Virgin Media has come under fire today for continuing to stalk lost customers even after death, once they’re in the afterlife.
The shocking revelation came about after a bereaved widow successfully contacted her deceased husband during a seance with a local psychic.
“We got hold of Barry,” a distressed Mrs Barry told LCD’s Virgin never gives it up correspondent. “I had expected him to say it’s alright love, don’t worry about me, I’m in a better place now, but that wasn’t how it went.”
It seems the psychic, famous locally for predicting the winner of the 1974 Grand National, advised Mrs Barry that she could only keep contact with her lost husband for seconds, so not to waste a moment.

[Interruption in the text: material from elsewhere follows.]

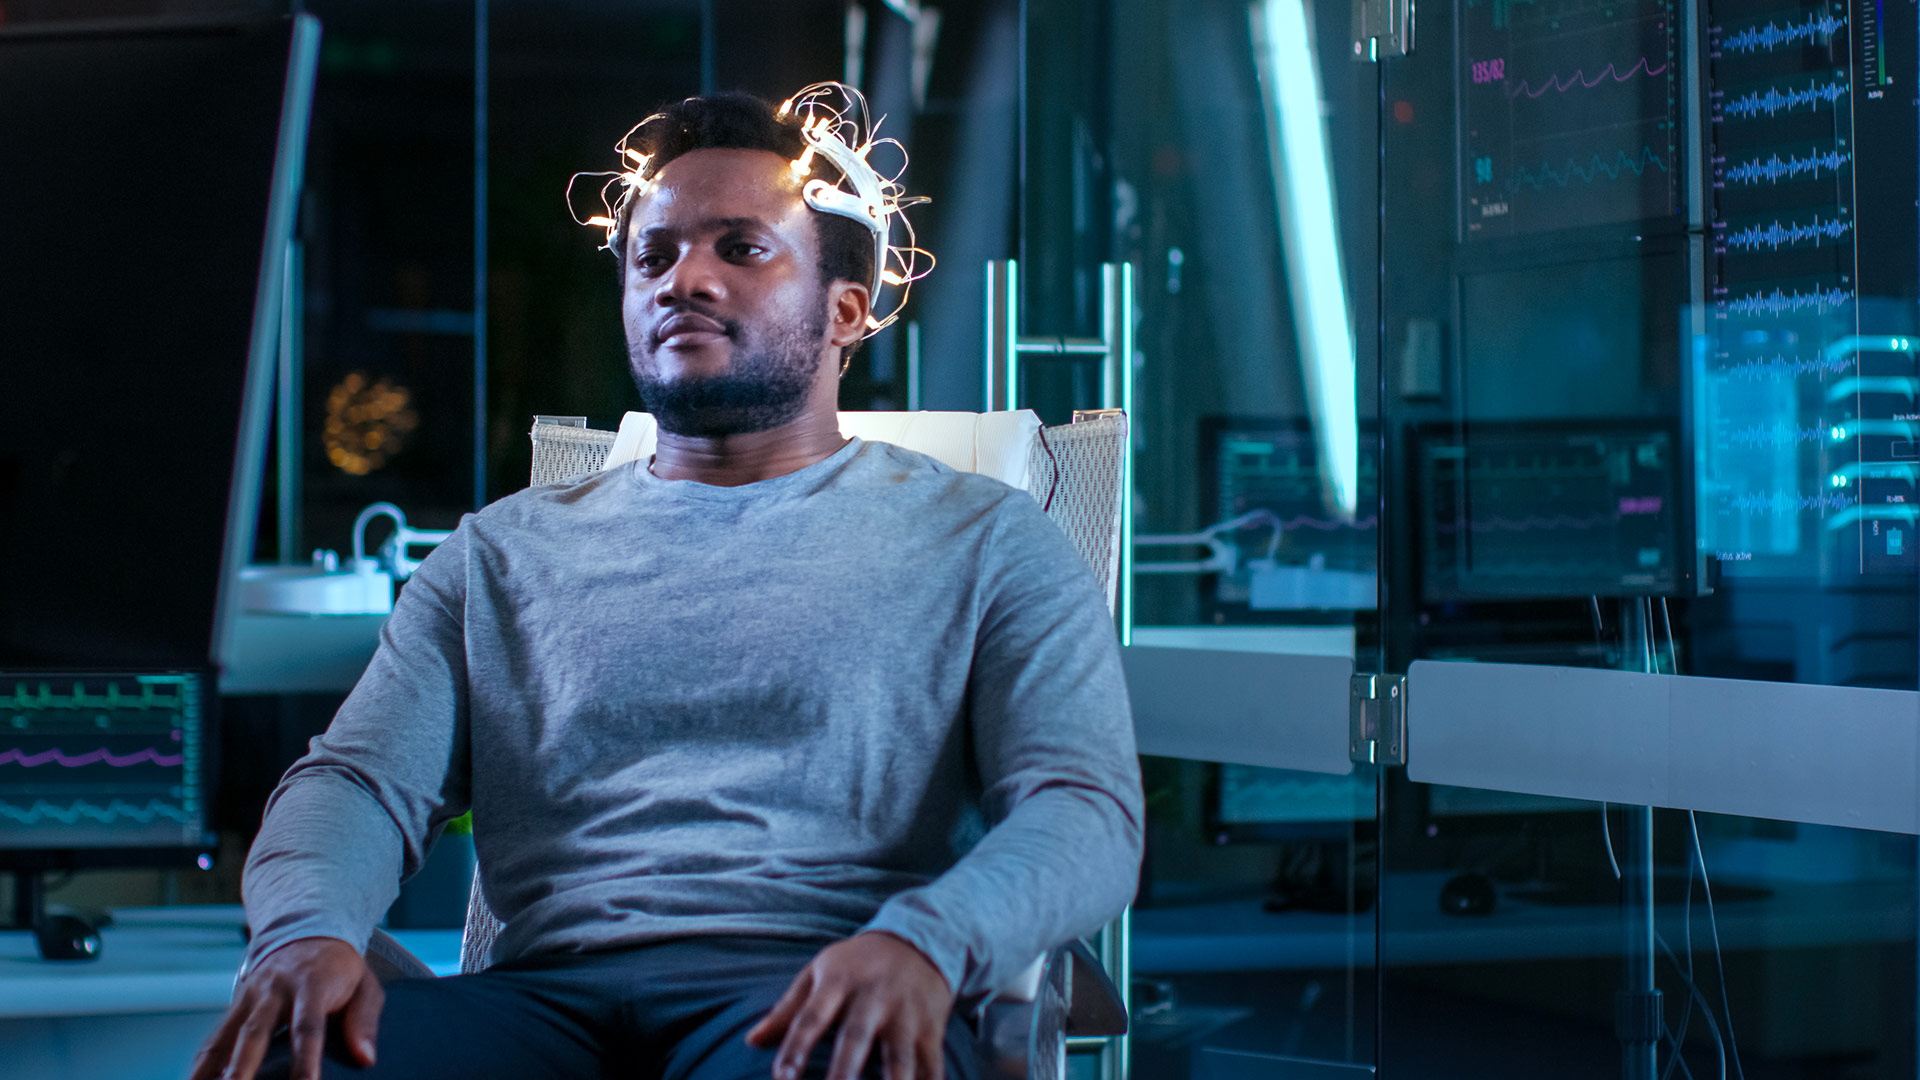 Man having an EEG test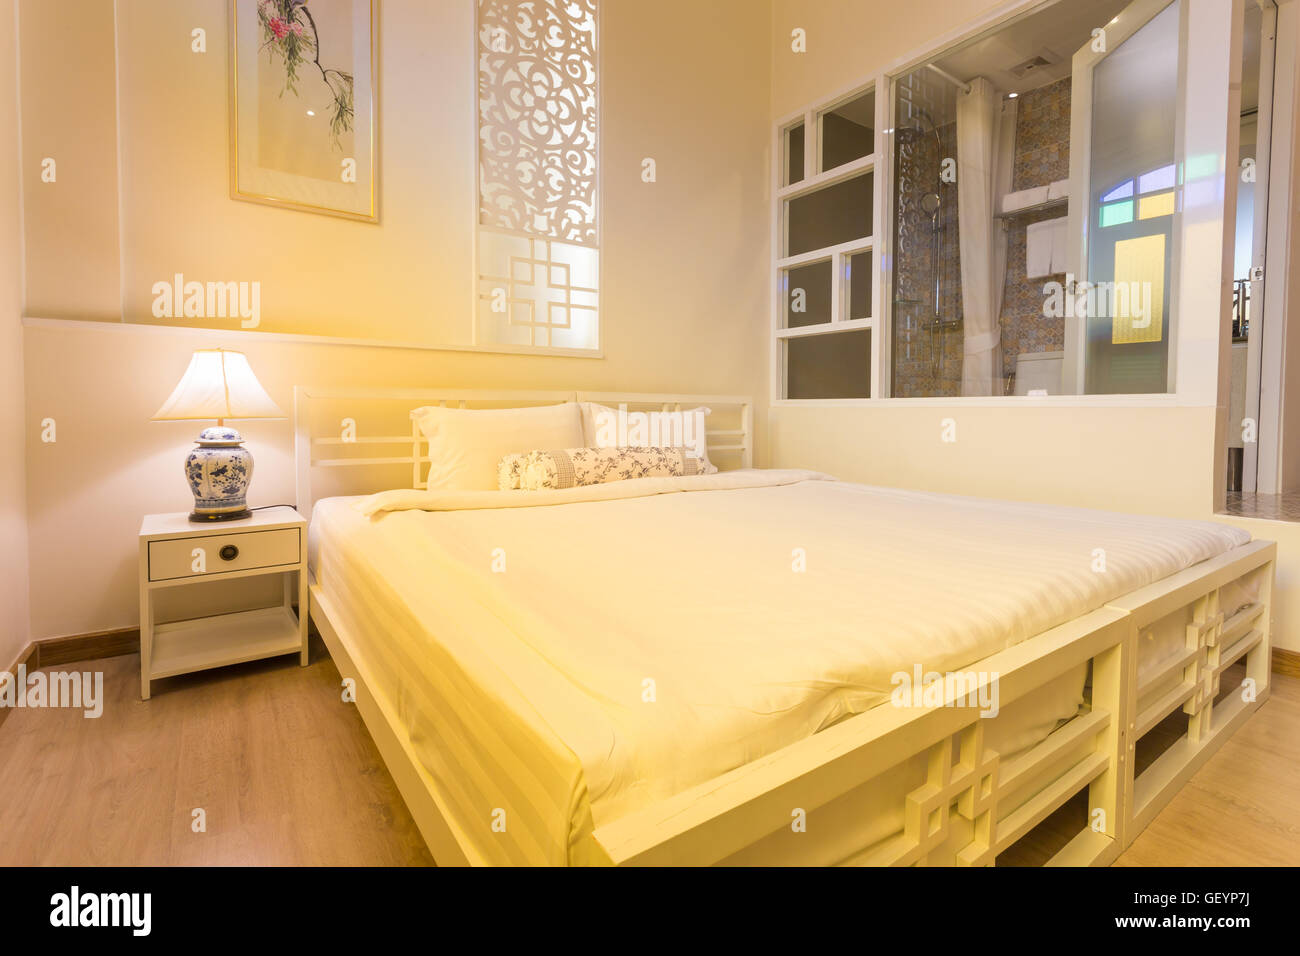 Dormitorio abstractos en cálidos colores claros. Gran cama doble cómoda en una elegante habitación classic Foto de stock

“I said Barry, Barry? Can you hear me love?” Mrs Barry related, “He replied, yes my flower, the line is a bit scratchy but I can hear you.”
Mrs Barry then started to ask Mr Barry what he has done with the little slip of paper that had the BT broadband wifi password written on it? But Barry interrupted her, sounding angry and frustrated.
“Tell Virgin to sod off! We switched from them five years ago because I didn’t like the service. They chased me into the grave with sales letters and now I’m getting them in the bleeding afterlife! Enough is enough. Cut it out!”
Mrs Barry was unable to ask anymore questions because the psychic lost the connection at that point and Barry drifted back across the division between the mortal plane and the afterlife.
“I’m gutted. I haven’t been able to get online since Barry passed away and now it seems I’ll be stuck without Netflix forever.”
LCD write to Virgin Media to inquire if they didn’t think their chasing of lost customers was a little too persistent?
They sent us four hundred and fifty seven sales letters in reply and more are arriving each day. We are to move offices shortly to make them go away.